Starting from the line with "Rom: Christliche Witwe" and going up to and including the line with "motorcycle tours sardinia", copy the listing below exactly. Leave all images out.

> _Dataset records_:
+++

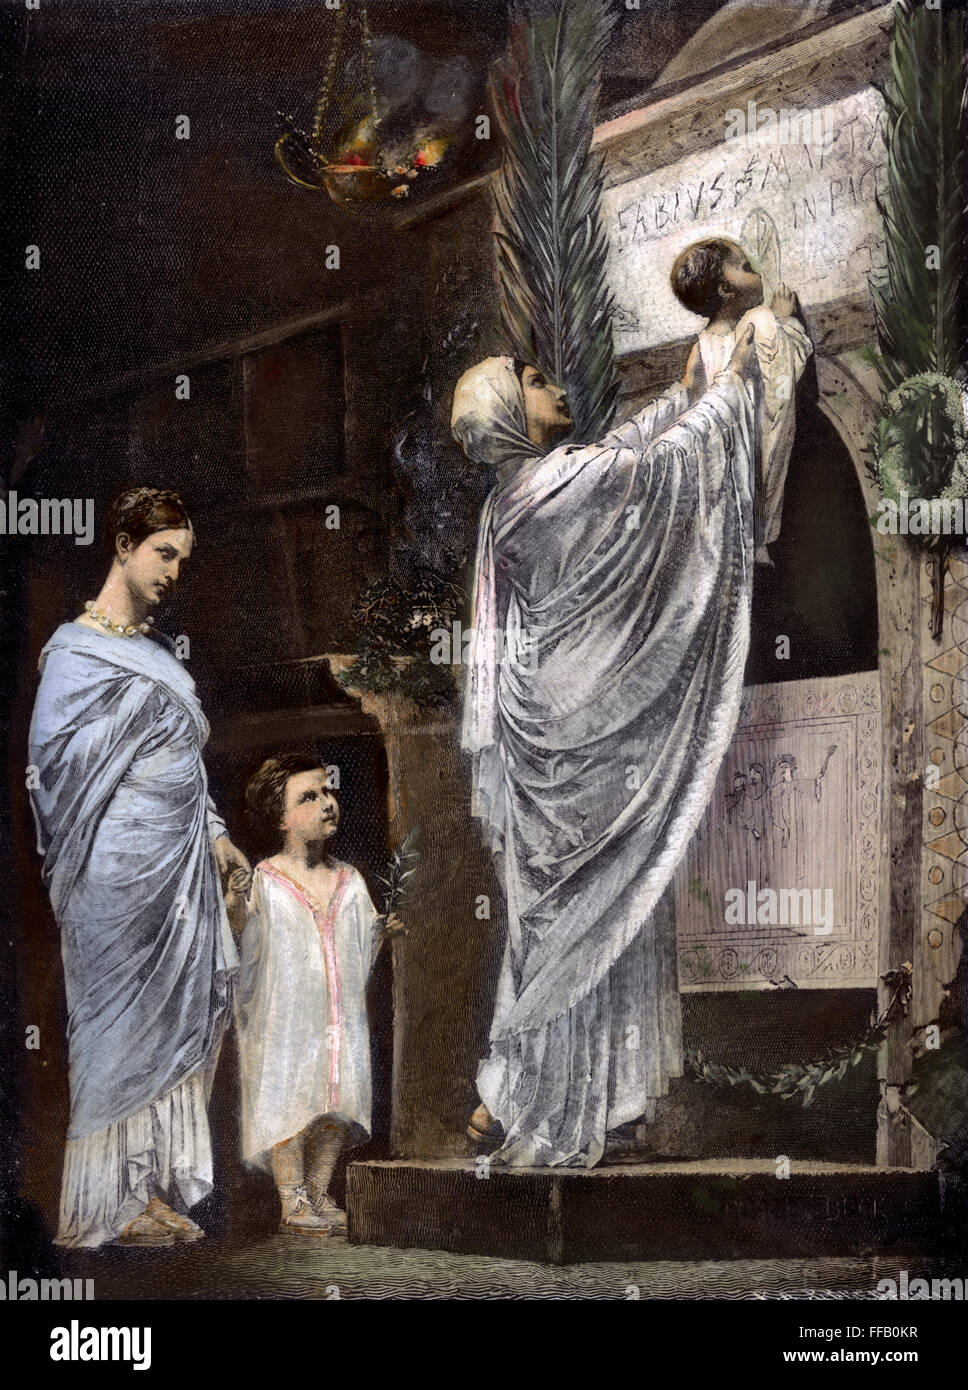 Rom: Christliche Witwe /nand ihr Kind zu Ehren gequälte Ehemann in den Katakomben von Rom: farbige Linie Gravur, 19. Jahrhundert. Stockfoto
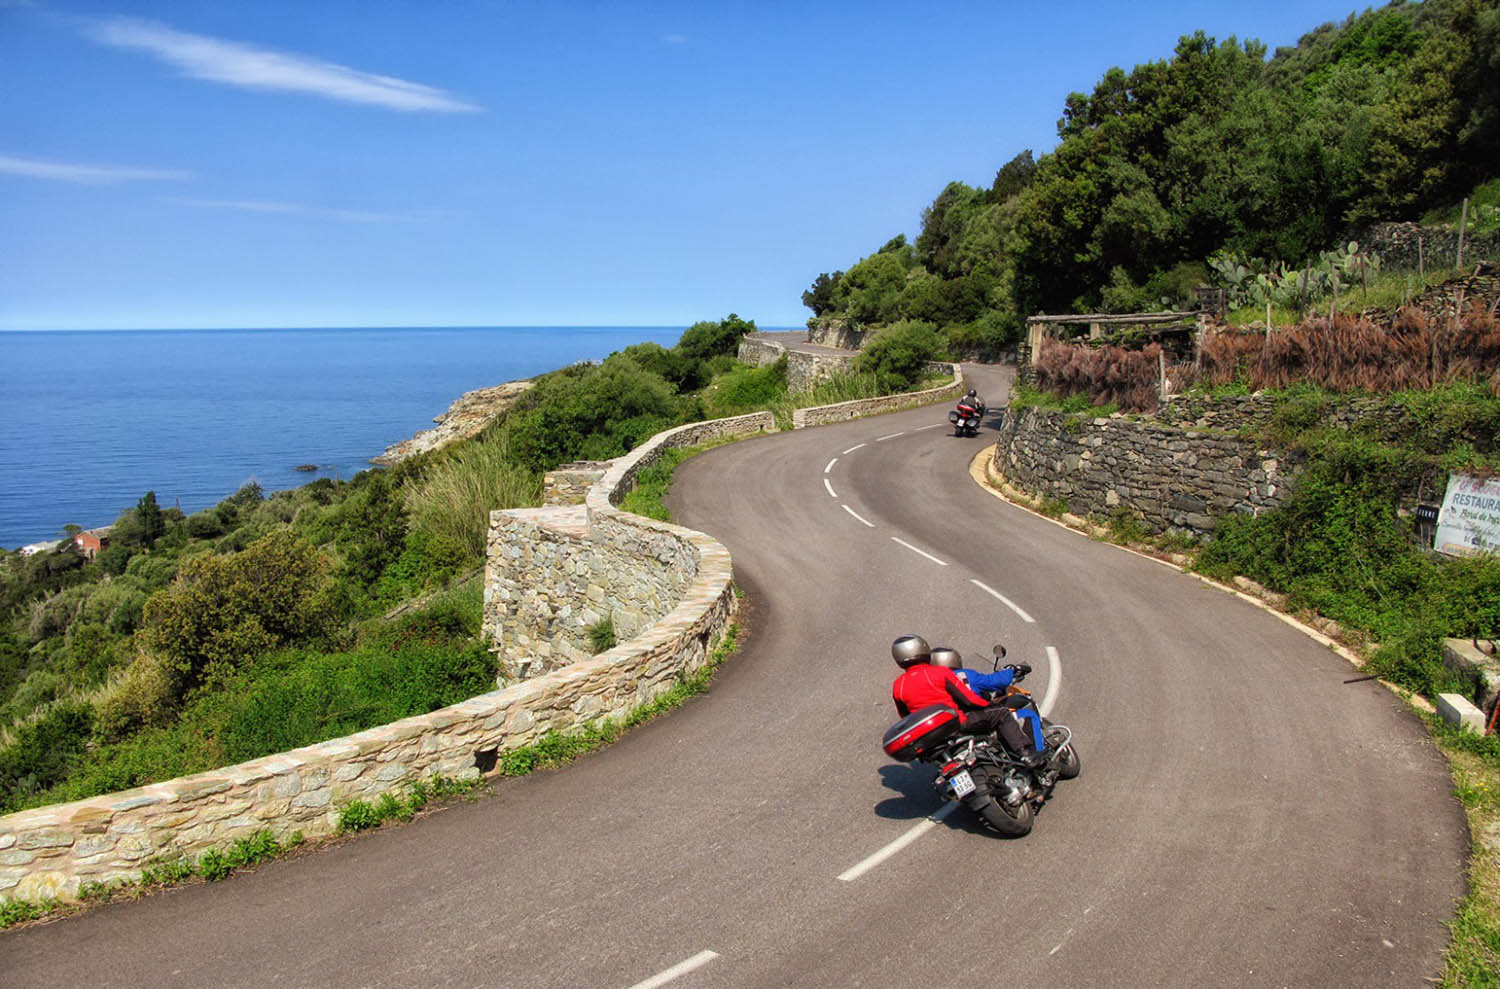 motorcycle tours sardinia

+++

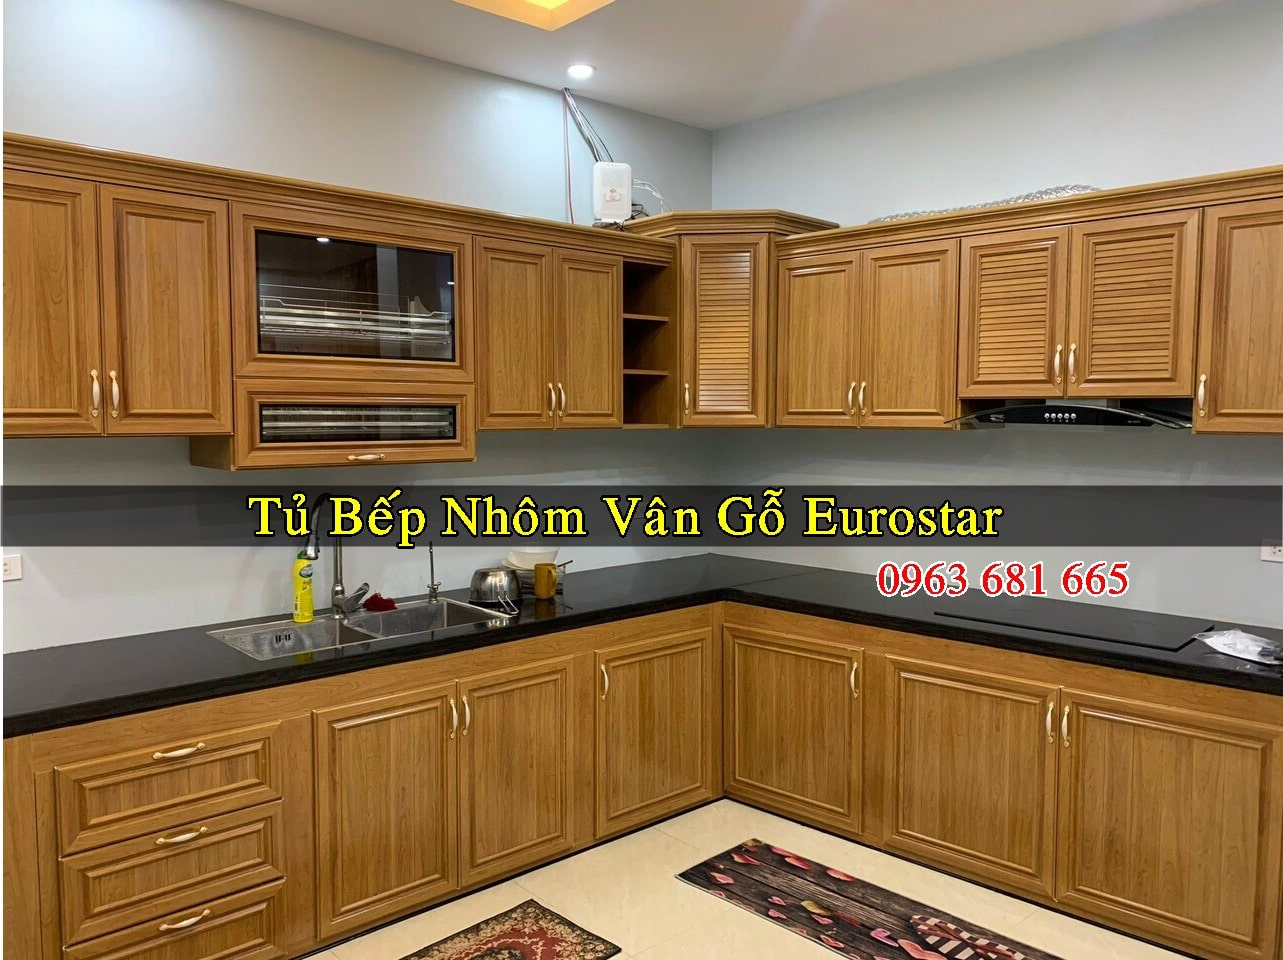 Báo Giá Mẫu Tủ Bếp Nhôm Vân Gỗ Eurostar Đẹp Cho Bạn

+++

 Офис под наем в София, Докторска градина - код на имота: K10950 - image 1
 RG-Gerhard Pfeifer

+++

> _Exercise output_:
 Rom: Christliche Witwe /nand ihr Kind zu Ehren gequälte Ehemann in den Katakomben von Rom: farbige Linie Gravur, 19. Jahrhundert. Stockfoto
 motorcycle tours sardinia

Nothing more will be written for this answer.